» Exercise data:
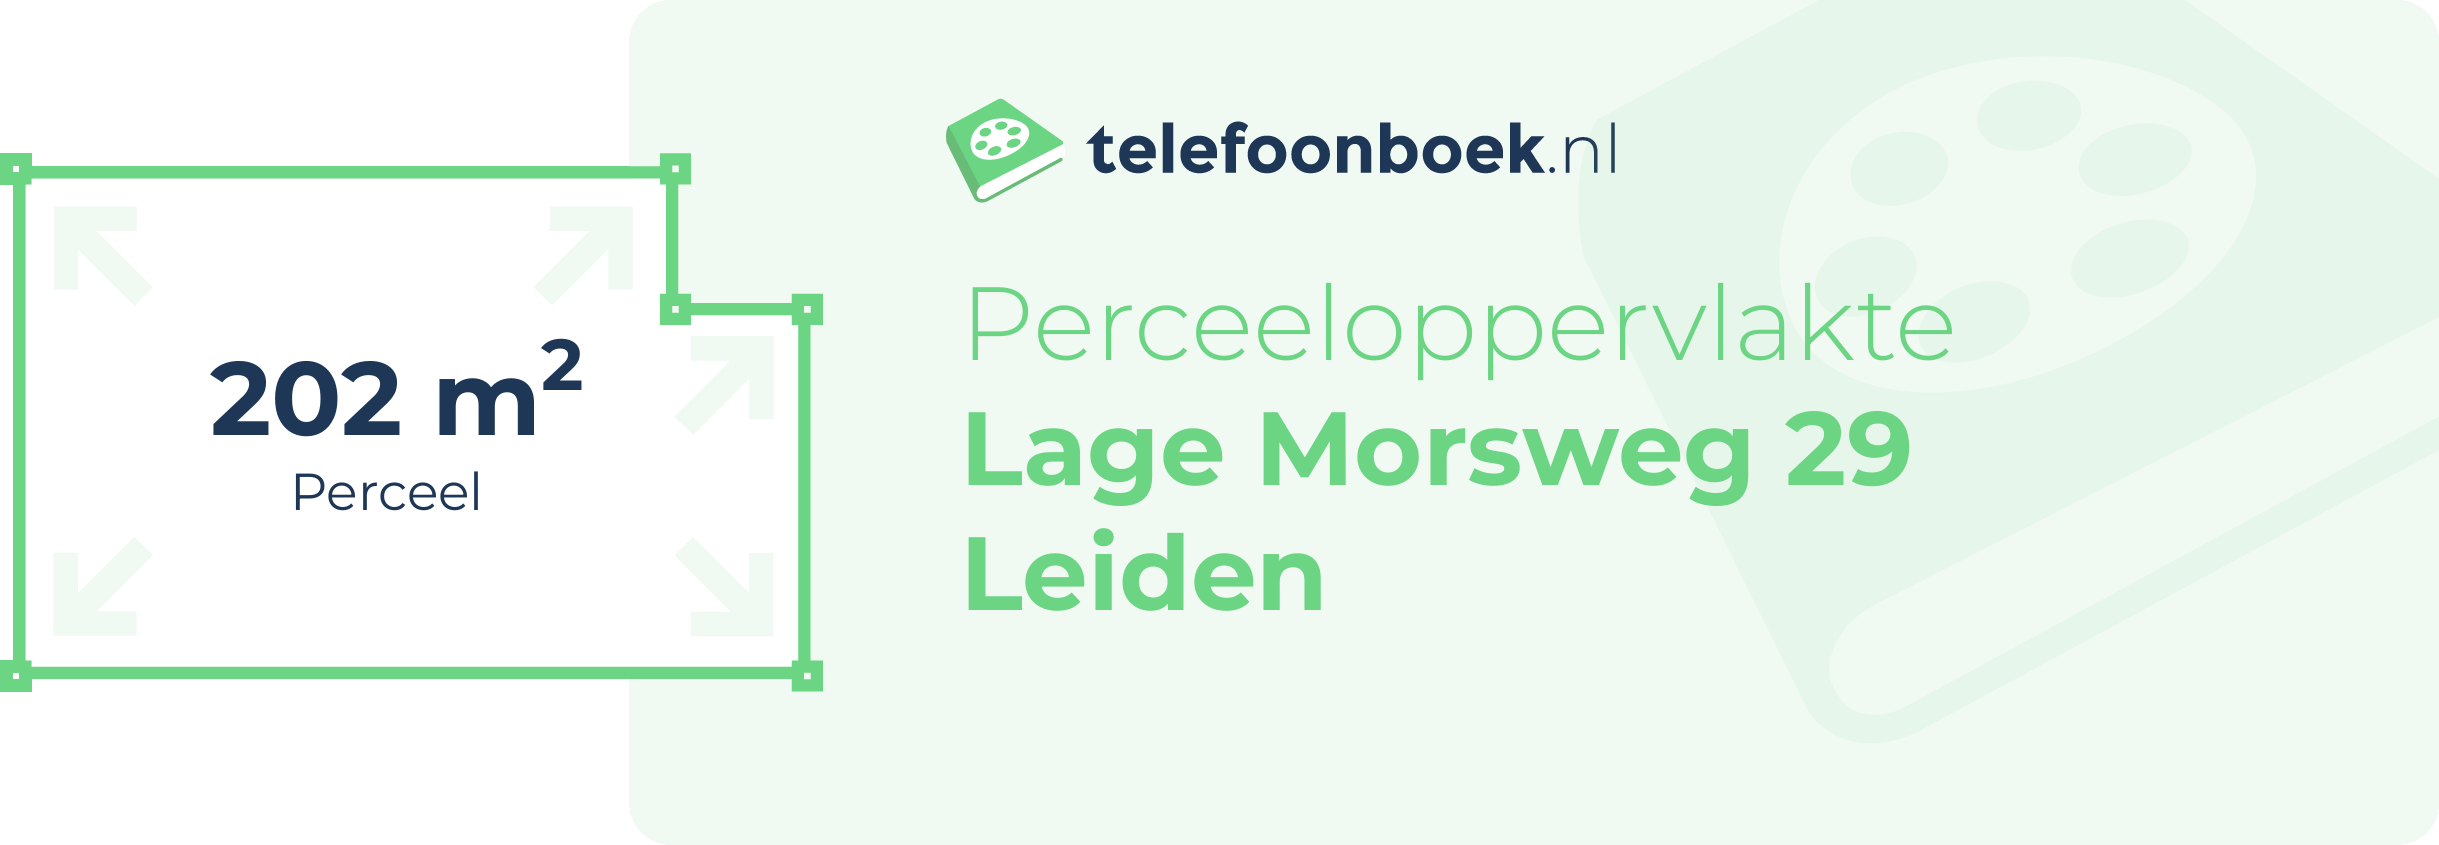 Perceeloppervlakte Lage Morsweg 29 Leiden
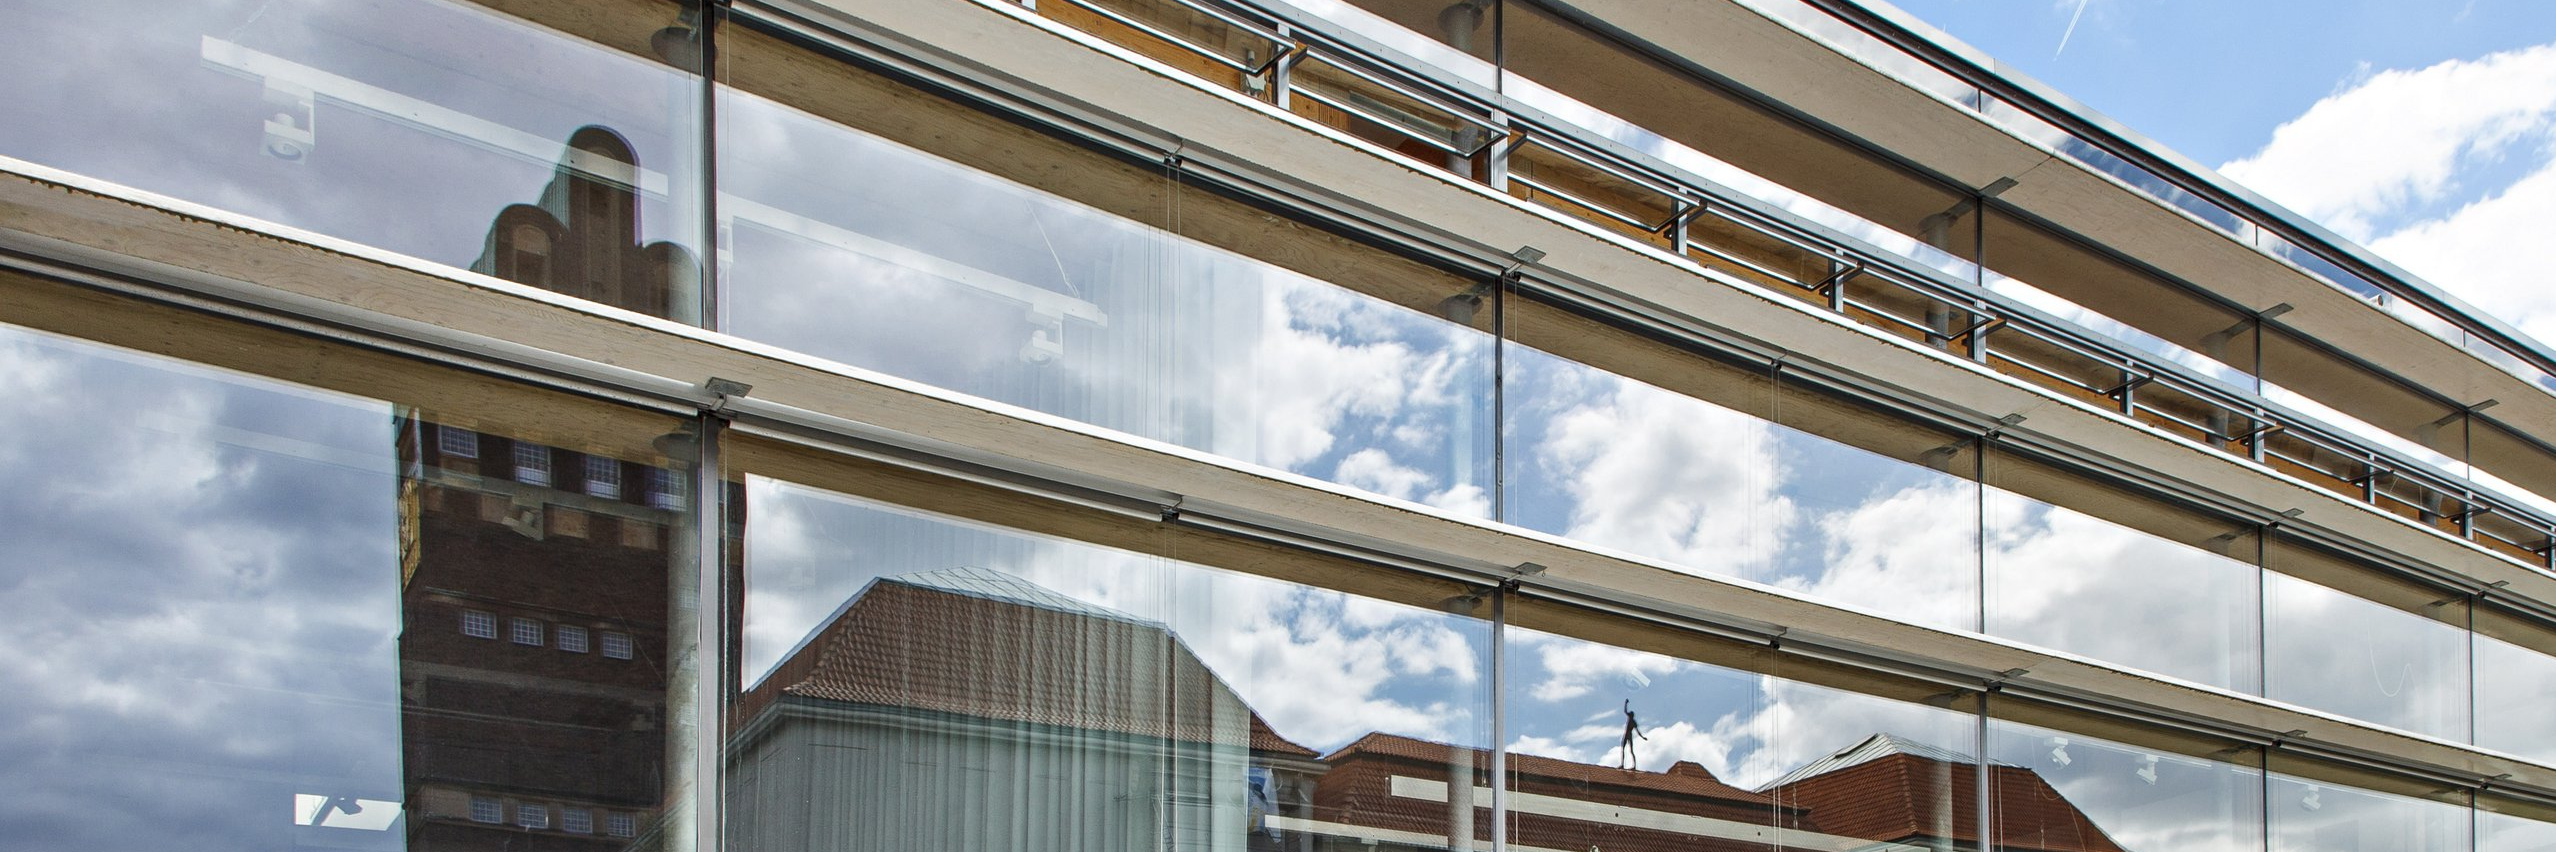 Gläserne Außenfassade des Fachbereich Gestaltung mit Spiegelung der Gebäude des Weltkulturerbes Mathildenhöhe
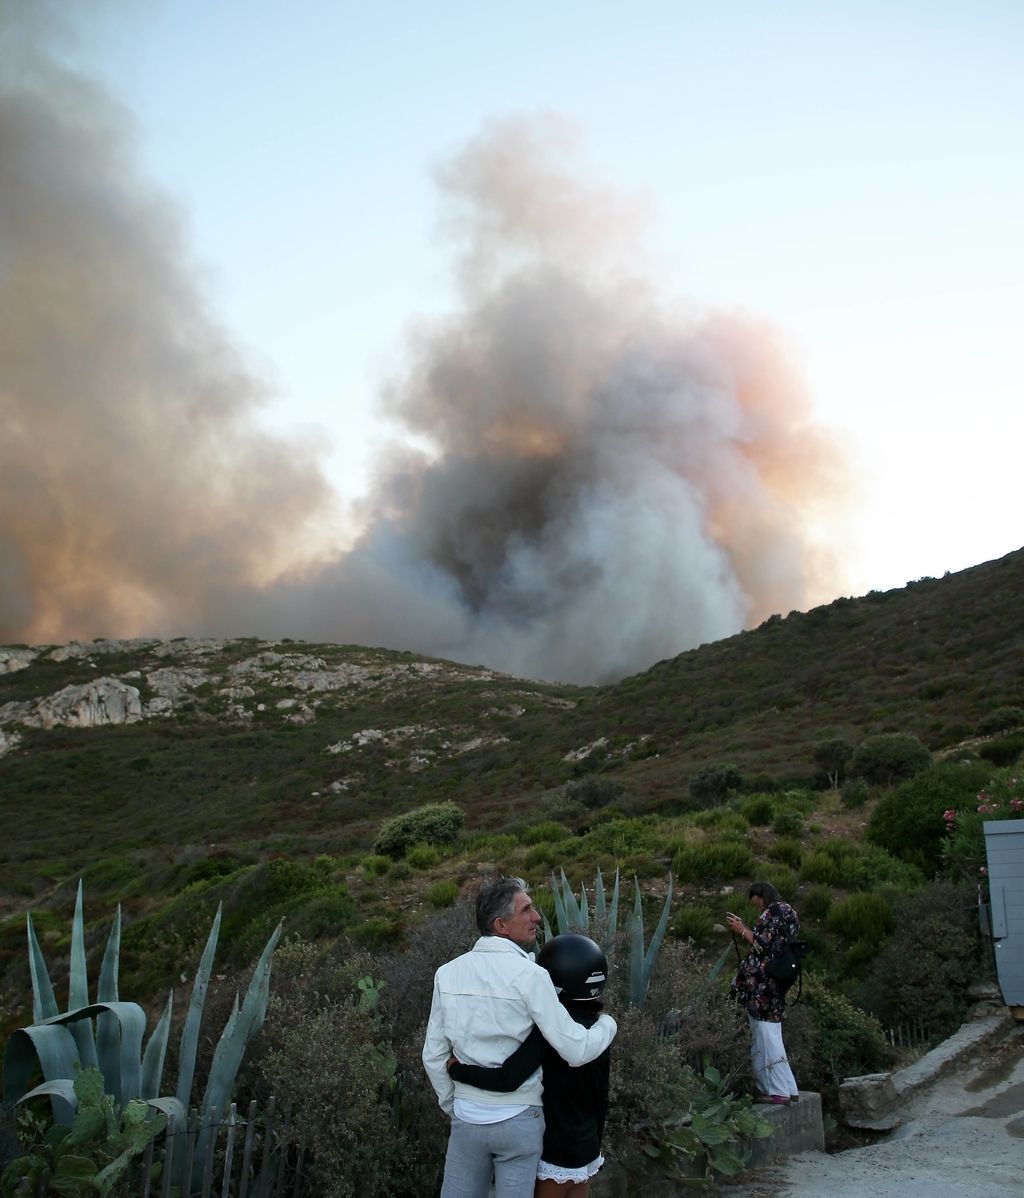 Saint-Tropez se quema: incendio descontrolado en la exclusiva localidad de veraneo francesa

» Brief:
Would you give the material back exactly, minus the pictures?

» Exercise solution:
 Perceeloppervlakte Lage Morsweg 29 Leiden
 Gläserne Außenfassade des Fachbereich Gestaltung mit Spiegelung der Gebäude des Weltkulturerbes Mathildenhöhe
 Saint-Tropez se quema: incendio descontrolado en la exclusiva localidad de veraneo francesa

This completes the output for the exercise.